If you get closer to the right answer on init, say just 3000 standard deviations away instead of 6000 standard deviations, then everything converges very reliably, as in:

> mle <- optimizing(mod, list(X=c(0.3, 0.5), sigma=1e-4), init=list(mu = 0.1))

> mle$par
 mu 
0.4 

and same for

> mle <- optimizing(mod, list(X=c(0.3, 0.5), sigma=1e-4), init=list(mu = 0.7))
bob-carpenter commented 6 years ago

This works if you turn off all the tolerances other than the values themselves.

> mle <- optimizing(mod, list(X=c(0.3, 0.5), sigma=1e-4), tol_grad=-1, tol_rel_grad=-1, tol_obj=-1, tol_rel_obj=-1)
Initial log joint probability = -4.75677e+06
Exception: normal_lpdf: Location parameter is inf, but must be finite!  (in 'model6ae246d29e15_avg' at line 9)

Exception: normal_lpdf: Location parameter is inf, but must be finite!  (in 'model6ae246d29e15_avg' at line 9)

Exception: normal_lpdf: Location parameter is inf, but must be finite!  (in 'model6ae246d29e15_avg' at line 9)

Exception: normal_lpdf: Location parameter is inf, but must be finite!  (in 'model6ae246d29e15_avg' at line 9)

Error evaluating model log probability: Non-finite gradient.

Optimization terminated normally: 
  Convergence detected: absolute parameter change was below tolerance

> mle$par
 mu 
0.4 

You can see it struggling with arithmetic along the way.

Setting these tolerances to 0 rather than -1, the algorithm detects convergence because you're so far out in the tails that the gradients must all be close to zero.
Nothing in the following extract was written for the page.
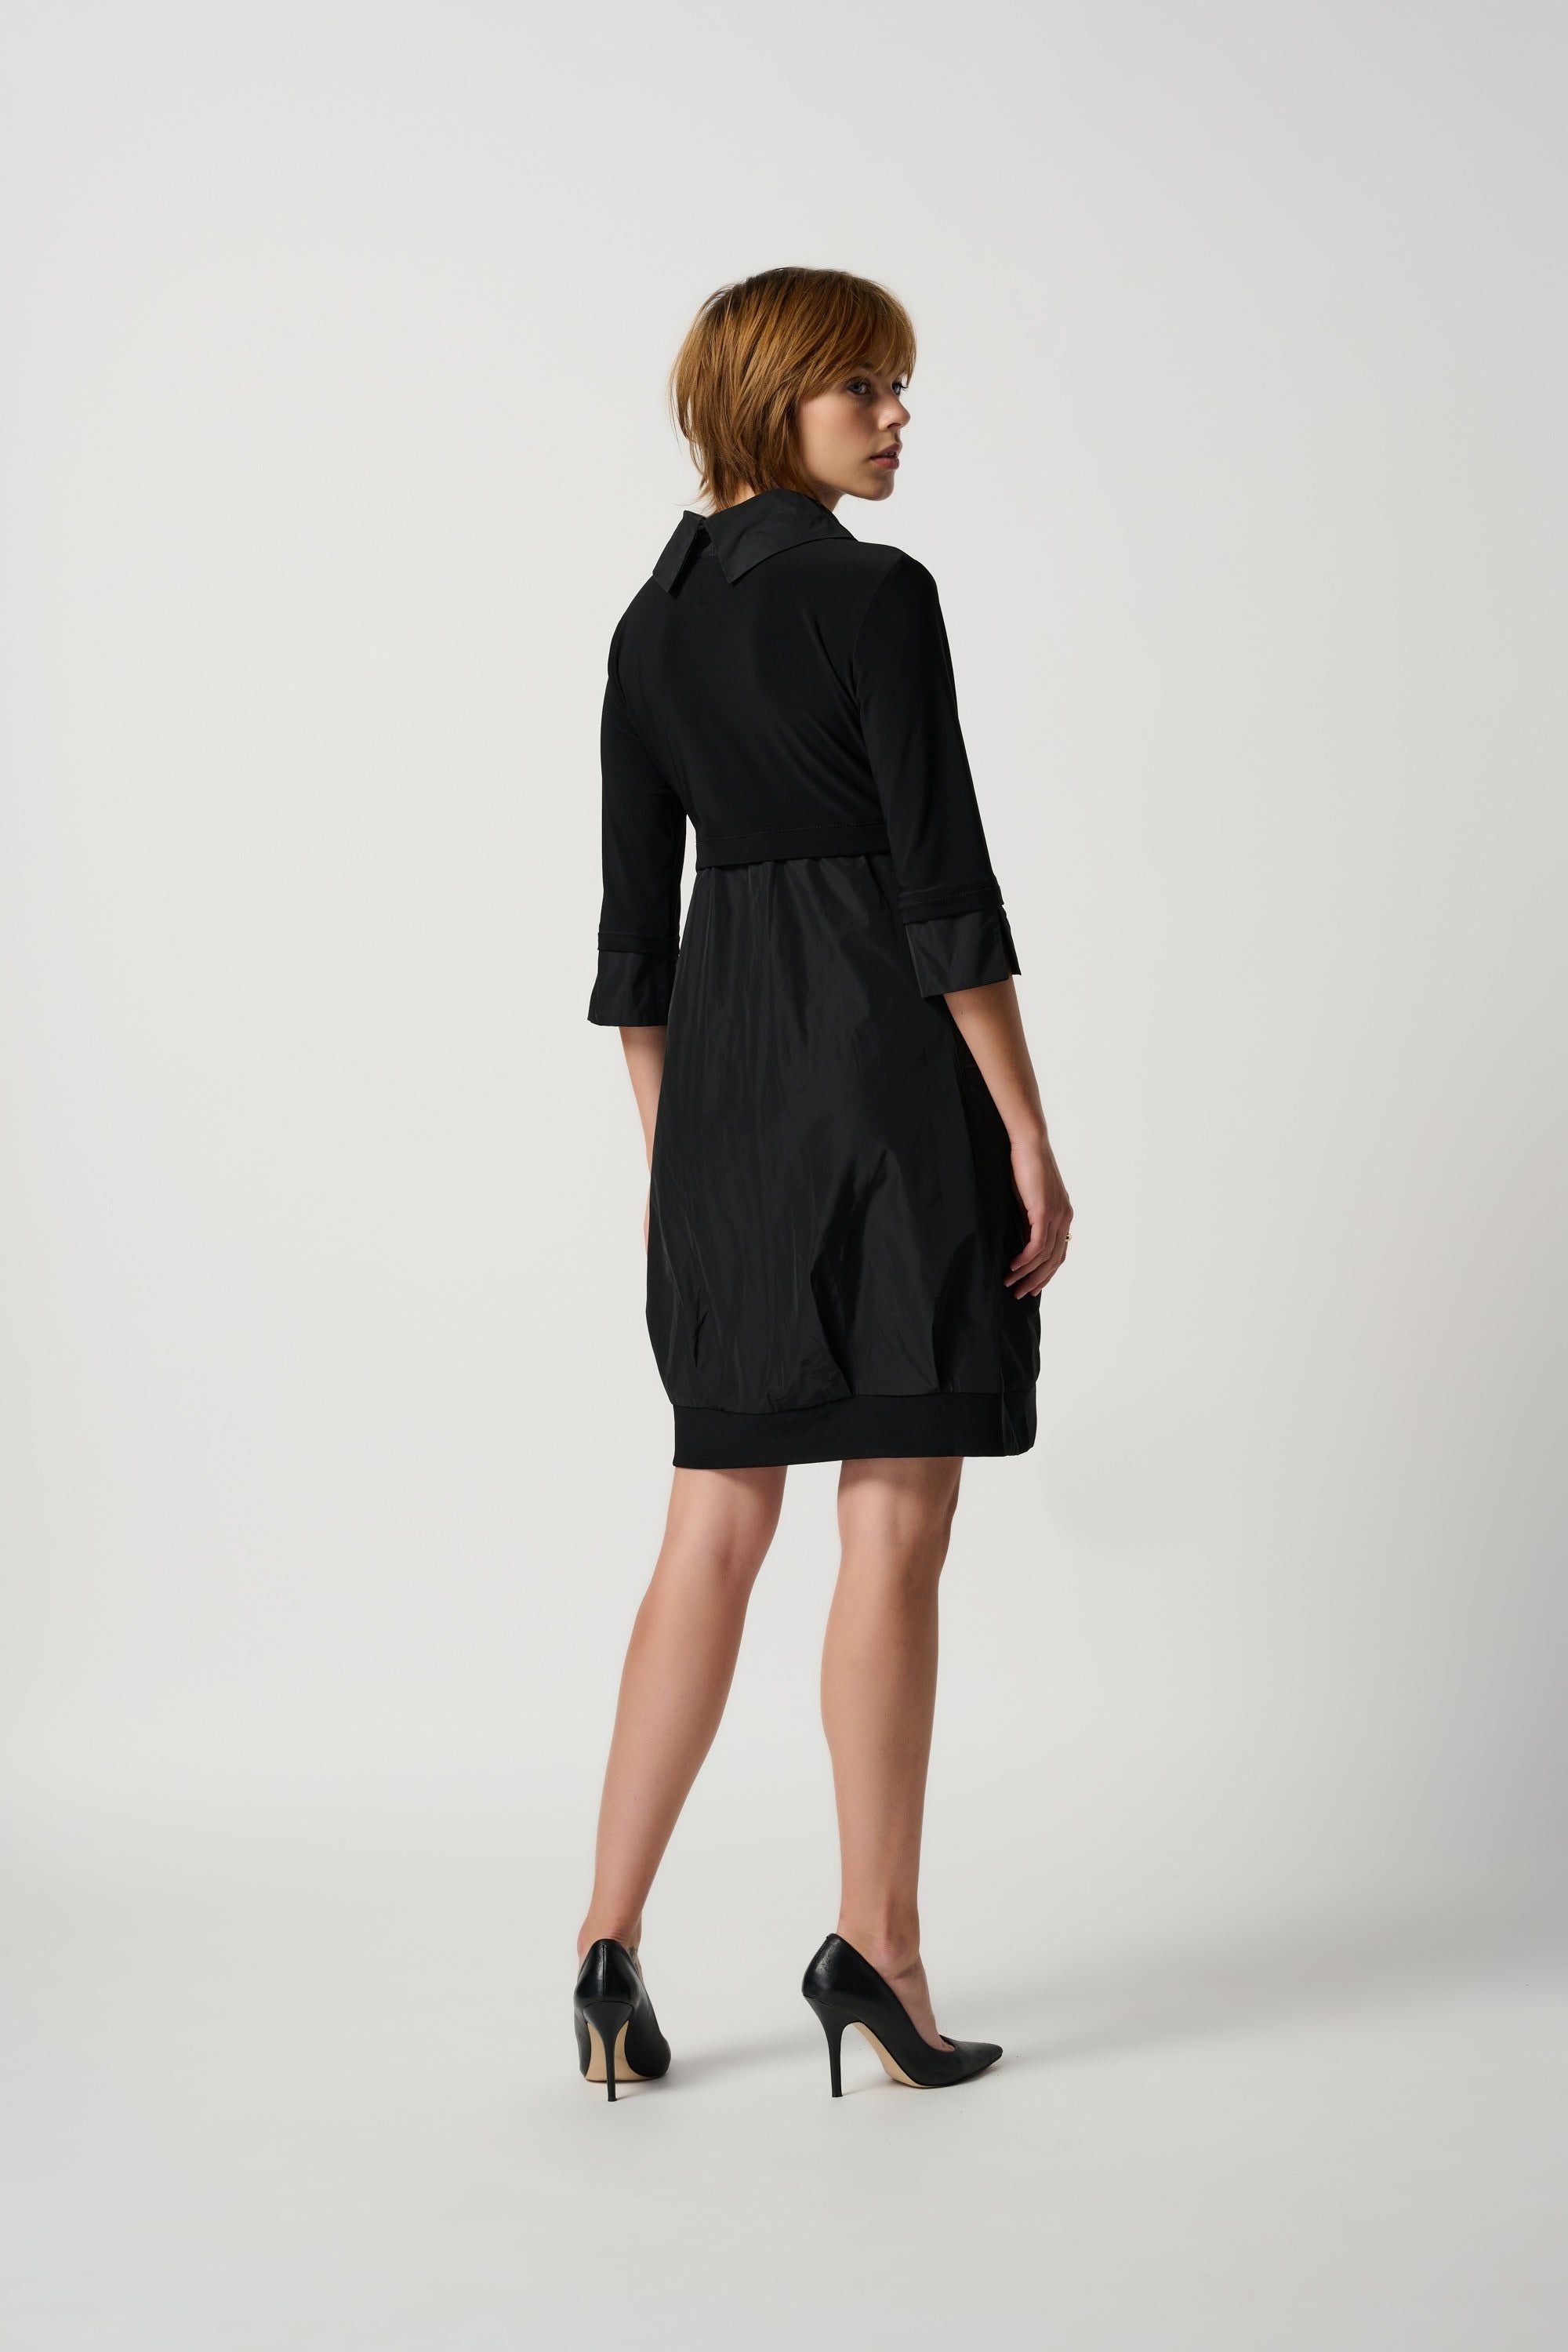 Joseph Ribkoff Miracle Dress - Style 173444TT, back, black

I'm not quite sure why the releative change in objective isn't OK.

UnkindPartition commented 6 years ago

Unfortunately, I can't seem to reproduce your results.

If I don't supply init as in your comment https://github.com/stan-dev/stan/issues/2511#issuecomment-378731571, then regardless of the tolerances it arrives at the right answer about half of the time, see https://ro-che.info/files/2018-04-03-stan-optimization-issue/2018-04-10-avg.html.

If I do supply init=0, as in my original comment, then it never gets it right despite the turned off tolerances.